Generate sequence number using parallel job

Posted: Sun Jun 18, 2017 11:19 am
by rish0201
I want to generate sequence numbers starting from 1 every time the job run.
Number should be generated in sequence without gaps in 4 node job.

Thing i have already tried
1) (@inrownum - 1) * @numpartitions + @partitionnum + 1
The above formula only works in 2 node.

2) Column generator - It creates gaps between numbers in 4 nodes and the numbers are not in sequence.

3) Surrogate Key - It takes the last highest value and starts from there. I want it to start from 1 for each job run. Is there any way to reset the key ?

Any suggestions is welcome.

Thanks in Advance.

Posted: Sun Jun 18, 2017 6:23 pm
by ray.wurlod
In what way does the given expression "not work" with four nodes?

Posted: Wed Jun 21, 2017 3:02 am
by rish0201
In 4 nodes the numbers are not generated in sequence.
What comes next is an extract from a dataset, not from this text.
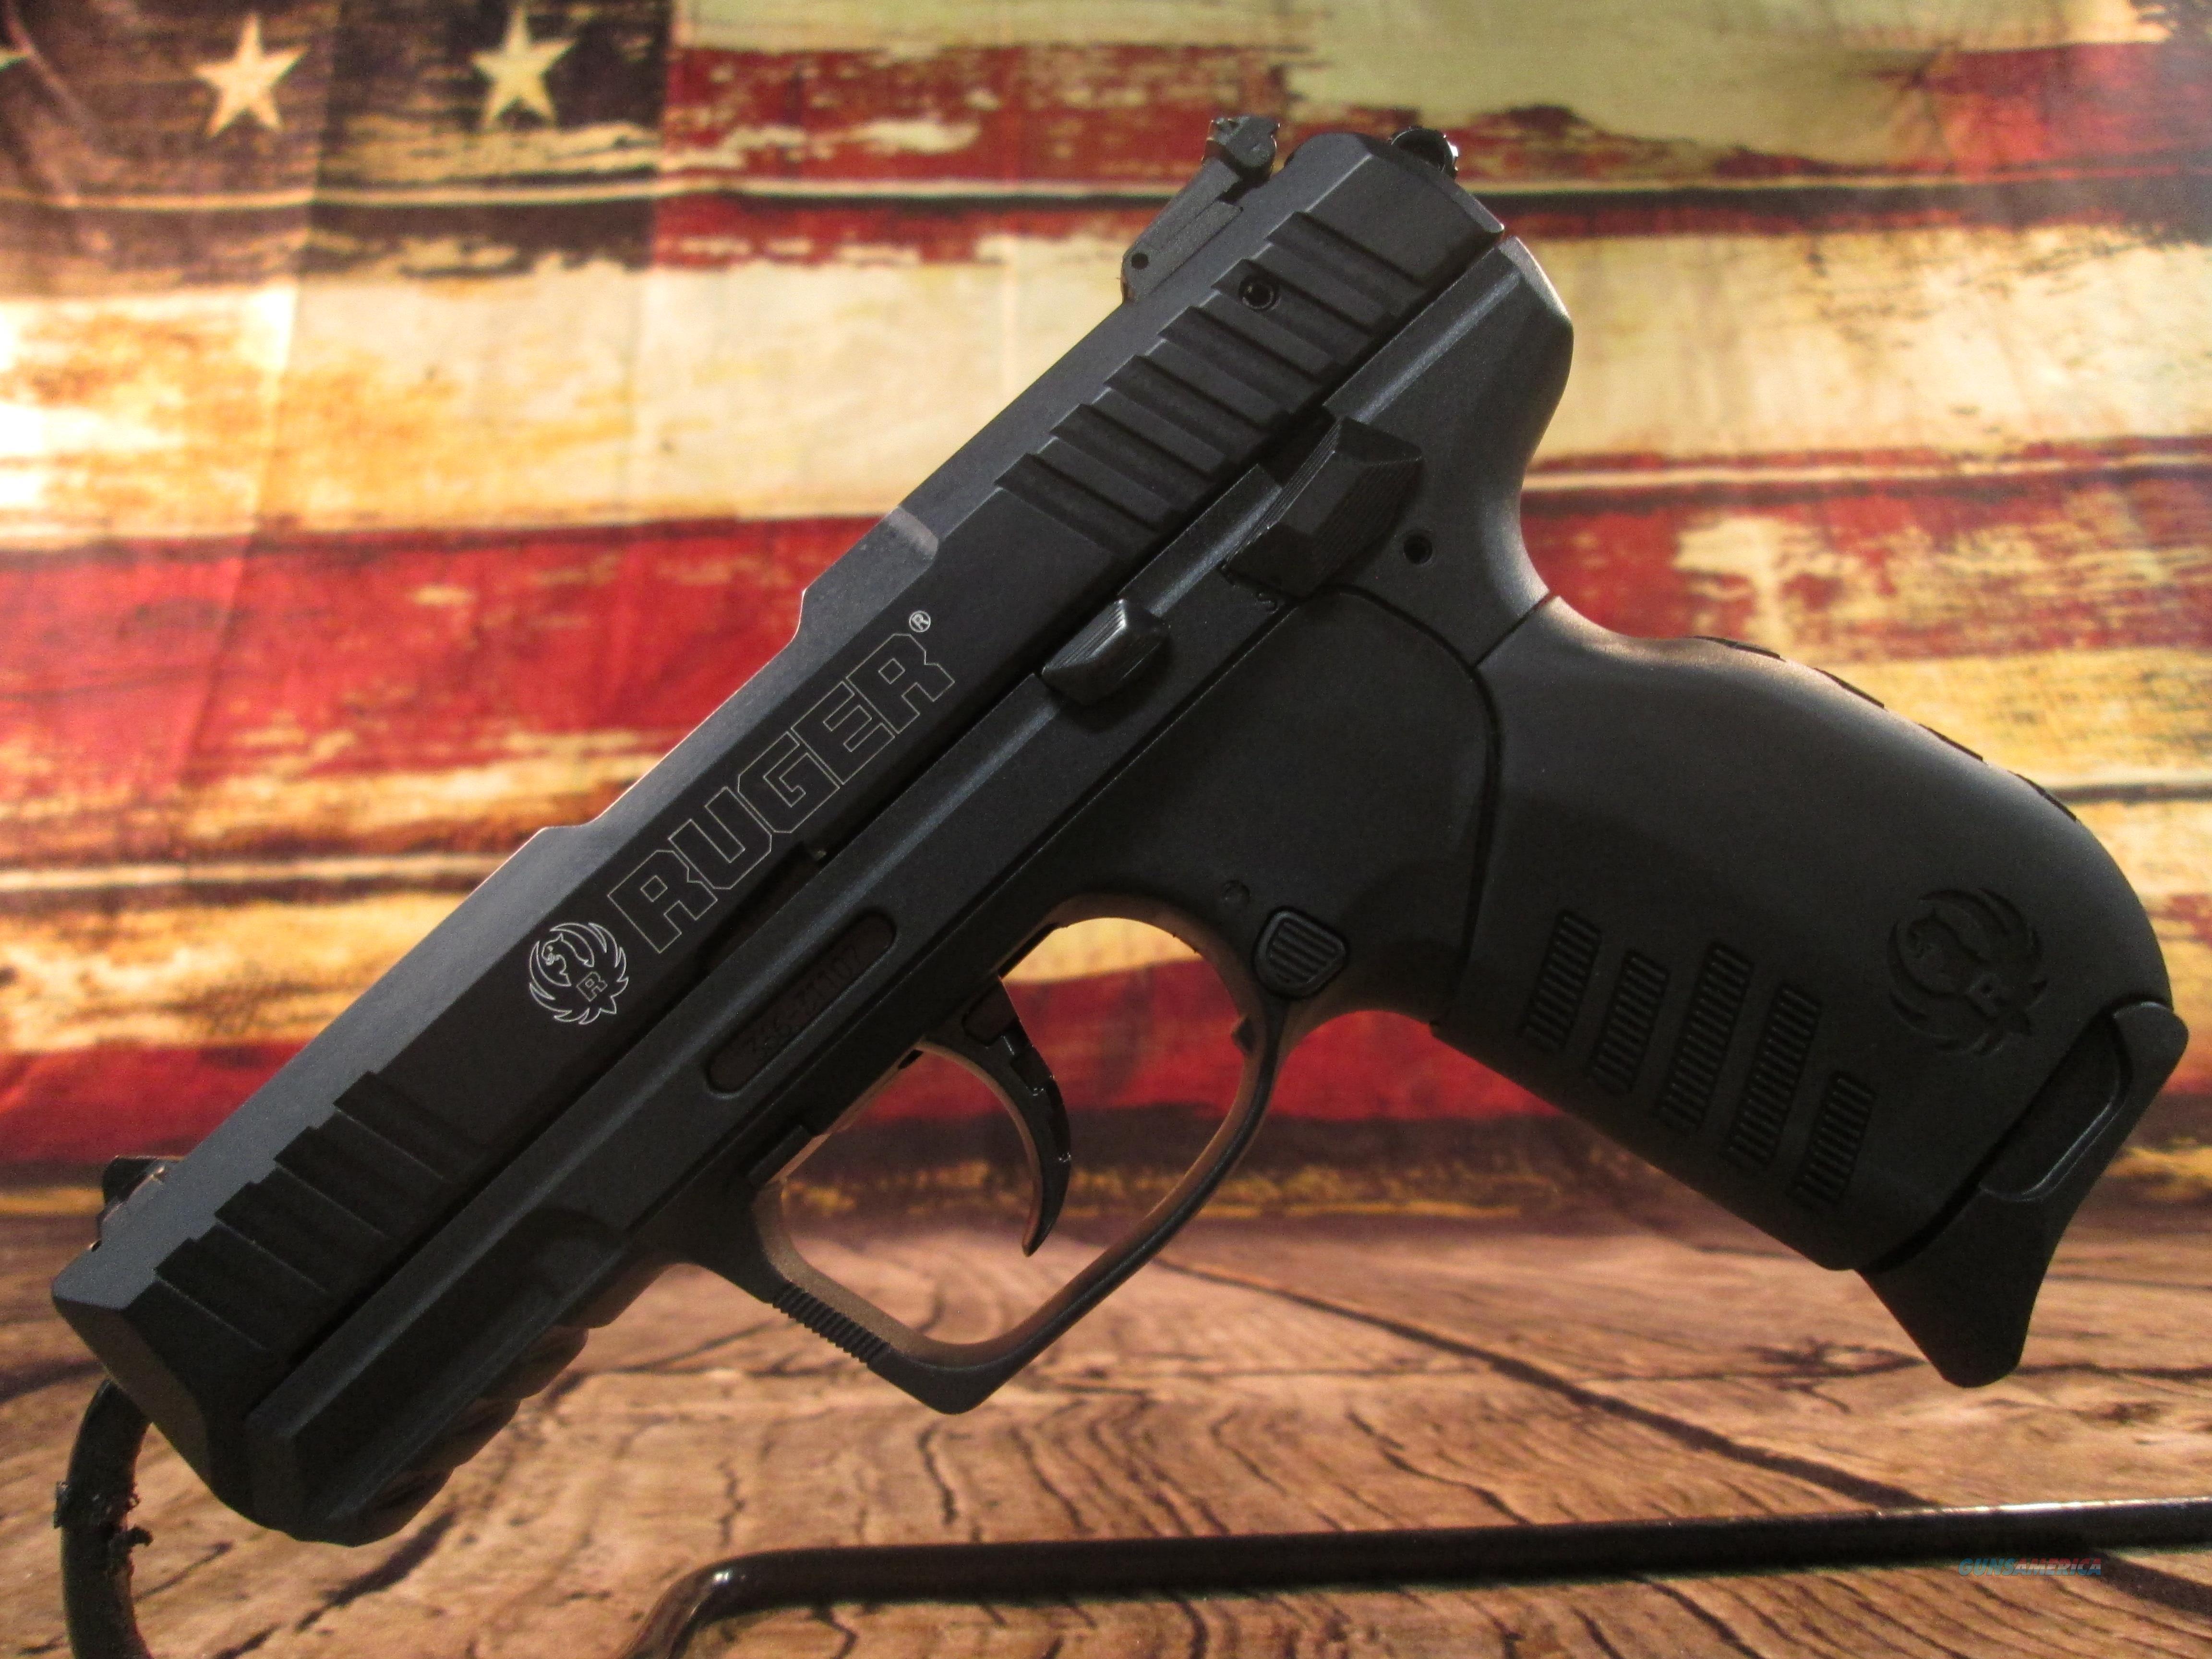 RUGER SR22 PISTOL 22LR  NEW(3600)  Guns > Pistols > Ruger Semi-Auto Pistols > SR Family > SR22

It leaves gaps in between.

Posted: Wed Jun 21, 2017 7:08 am
by Mike
Did you use round robin partitioning method?

Mike

Re: Generate sequence number using parallel job

Posted: Wed Jun 21, 2017 7:51 am
by chulett
rish0201 wrote:I want it to start from 1 for each job run.
Then it would seem you do not have a need for any kind of surrogate key 'generator' but simply need a counter. At its most simple, you could use a stage variable for that, initial value of zero, increment for each record... as long as you handled the partitioning properly.

Re: Generate sequence number using parallel job

Posted: Thu Jun 22, 2017 4:59 am
by Neelabh
As inferred by @Mike as well this method requires data to be evenly distributed across all partition hence it works well with Round Robin partitioning. If not it will generate sequence with "gaps" (i.e. what you are observing).

Use other methods as suggested by craig.

1) Use Stage variable.

2) If source is seq. file stage generate row number.

3) If database use row_number function.

4) Enable transformer stage to run on a single node and use @INROWNUM

Posted: Thu Jun 22, 2017 5:45 am
by boxtoby
Hi,

You weren't far out with your original idea.

Here's what I use: (@PARTITIONNUM+1)*10 : @OUTROWNUM

Use @OUTROWNUM rather than @INROWNUM to aviod problems with funnel stages etc.

Hope that helps!

Cheers,
Bob.